Make no mistake, The Angel’s Share contains belly laughs in spades and , but it’s the way Loach and Laverty root their narrative in a very real, very tangible human circumstance that gives the film its timbre. After a brief introductory sequence in which a number of people are sentenced to hours of community service as punishment for crimes ranging from petty misdemeanors to assault, The Angel’s Share‘s focus lands squarely on the shoulders of Robbie (Paul Brannigan), guilty of beating another man within an inch of his life over an imagined slight. The scar on Robbie’s face tells us a tale of a remorseless career thug, but it’s a false impression that The Angel’s Share begins erasing mere moments after we meet him.
How does a person break out of the cycles of violence that have shaped his entire existence? Through undiscovered skills and talents, and with the unbidden kindness of a stranger. Robbie, soon to be a new father, strives to start fresh in a culture that quite frankly has little interest in helping him become someone other than the violent offender it pegs him as; it’s not until the birth of his son that he finds a path to atonement thanks to Harry (John Henshaw), the officer in charge of Robbie’s payback group and a major whiskey aficionado to boot. Together, they toast to Robbie’s joy, an act that opens up a whole new world to the young man as well as the chance for a better life for his child and his girlfriend, Leonie (Siobhan Reilly).

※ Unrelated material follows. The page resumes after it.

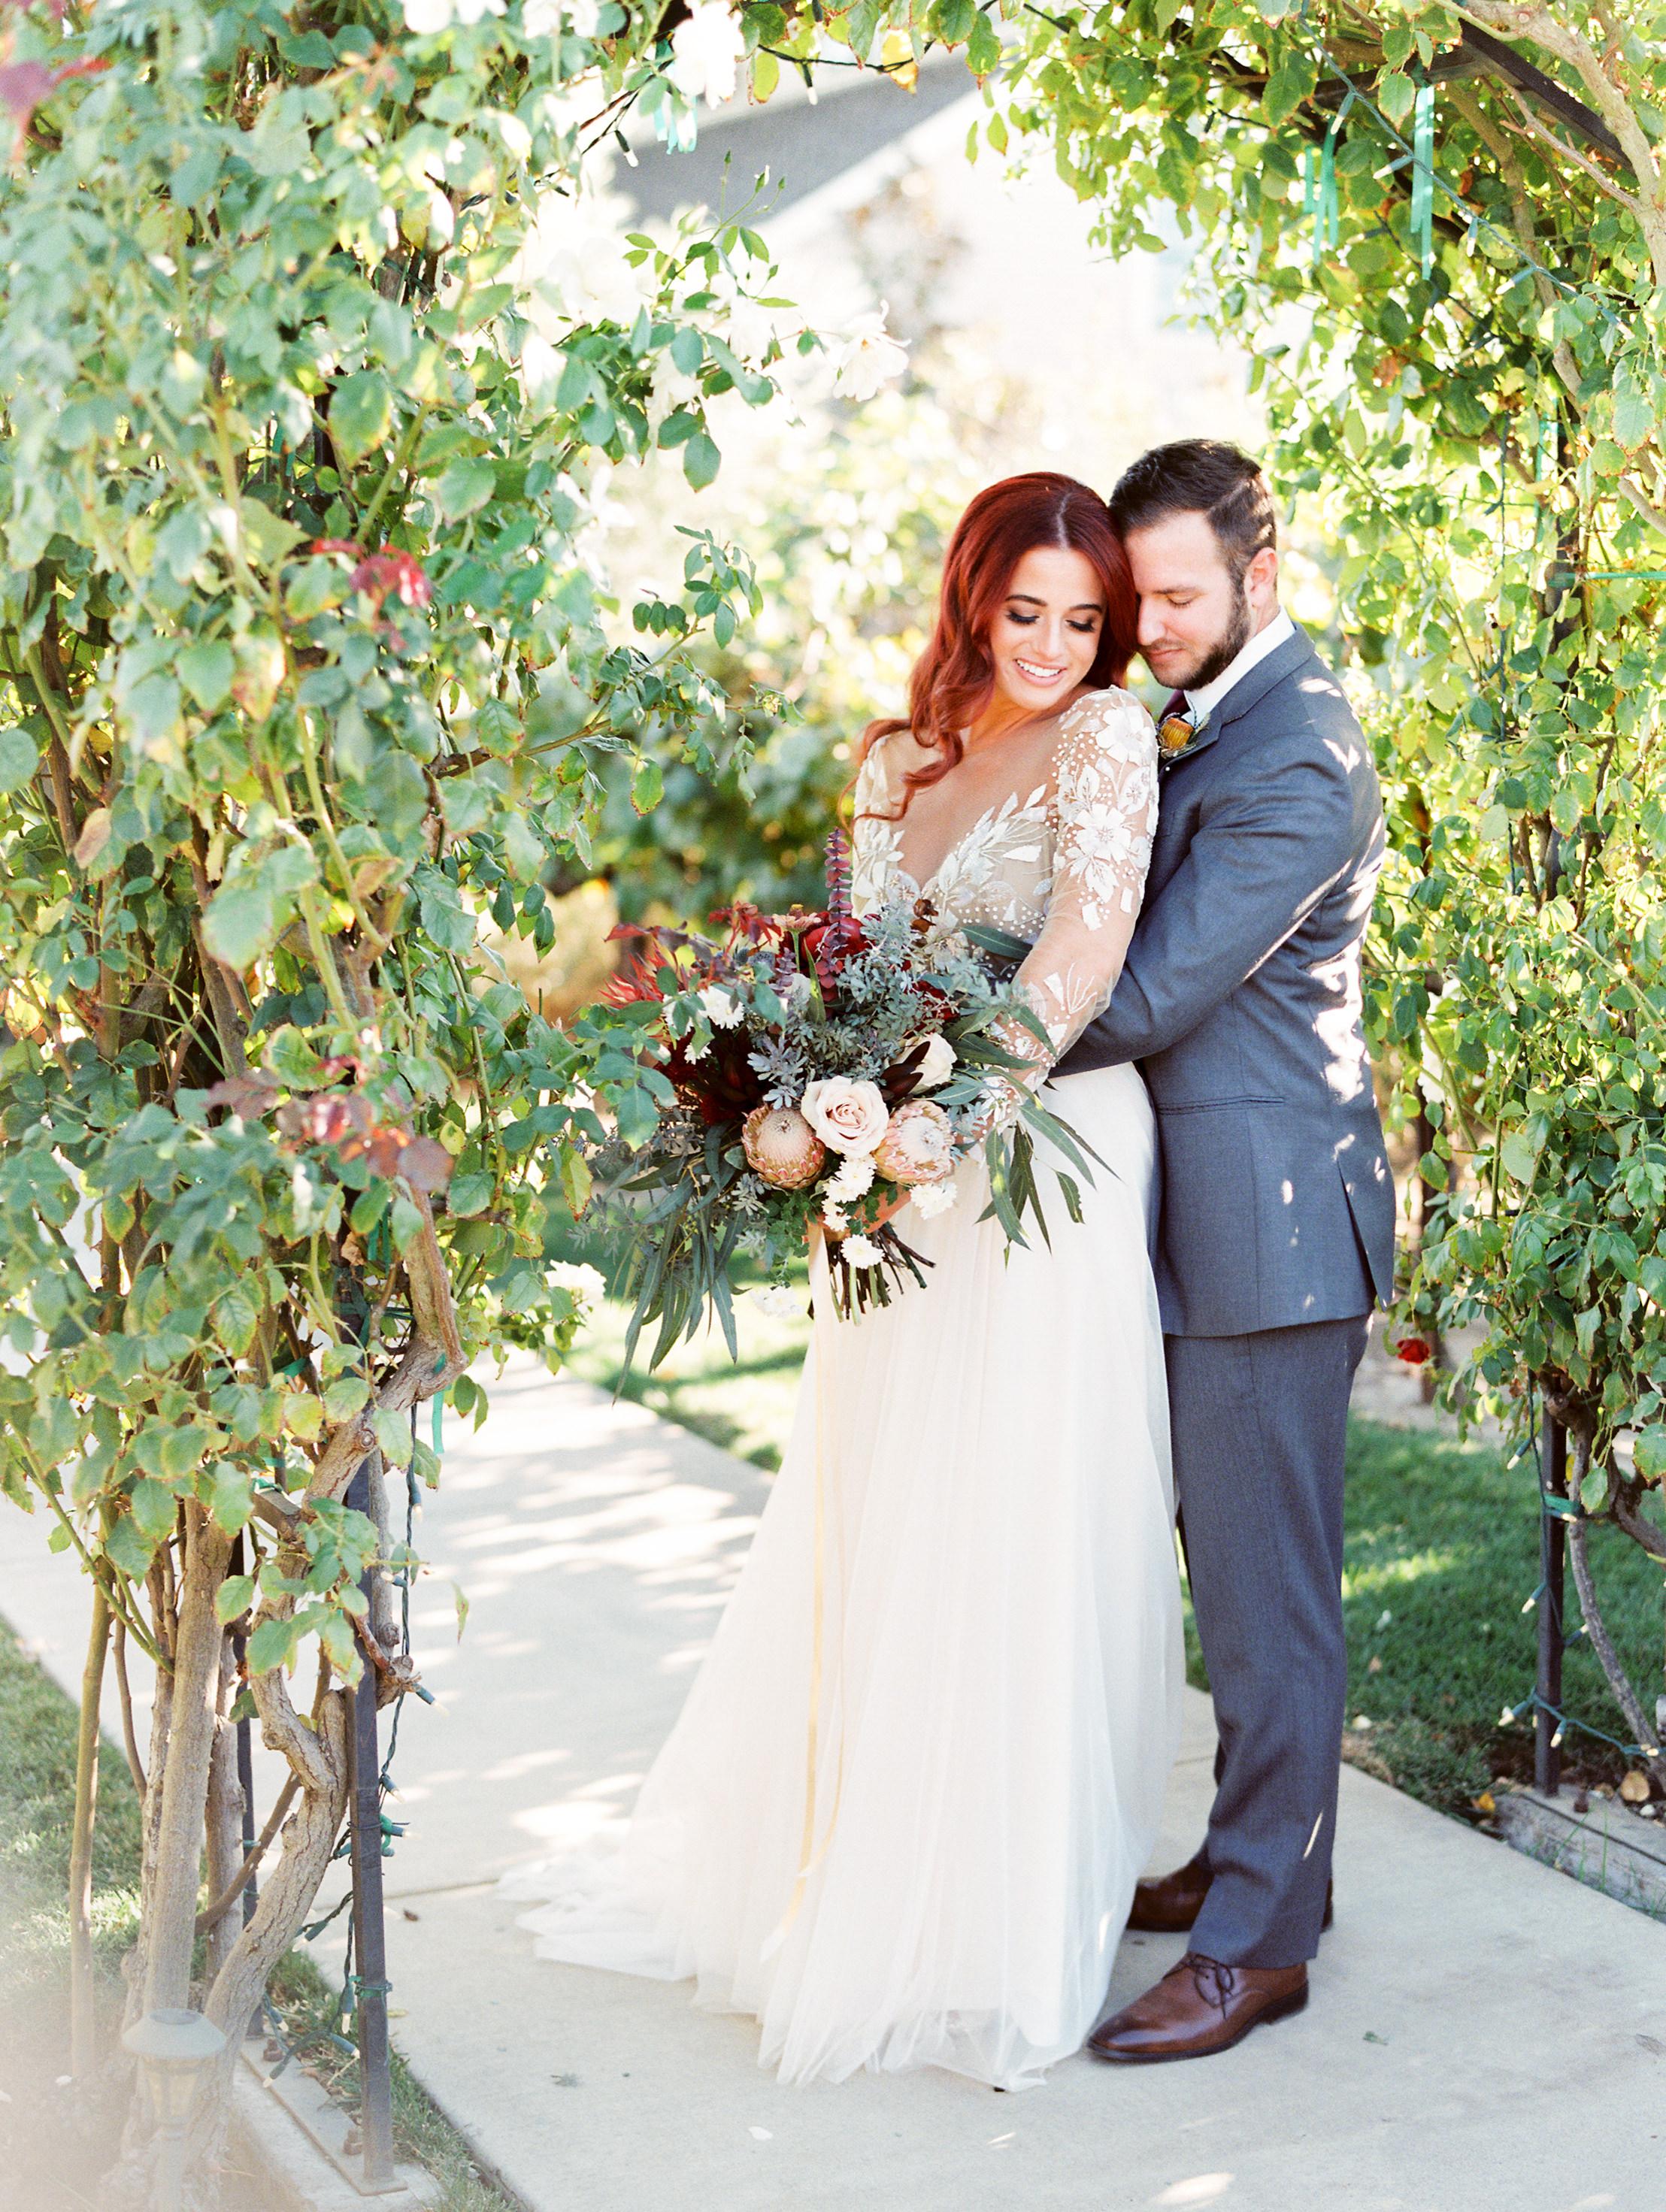 fall-inspired-wedding-at-scribner-bend-vineyards-in-sacramento-california-1-7.jpg

On paper, The Angel’s Share reads like topical po-faced cinema, and to an extent it is. Robbie’s plight isn’t imagined; there are people in Scotland, and indeed across the span of the globe, who struggle against the exact same prejudices Robbie contends with in the film. Maybe some of us have a hard time mustering sympathy for the devil; when the film eventually depicts the brutality of Robbie’s crime in flashback, we naturally empathize with his victim. But despite his transgression, there’s a sense that behind the camera, Loach and Laverty are rooting for Robbie to make good on his second chance.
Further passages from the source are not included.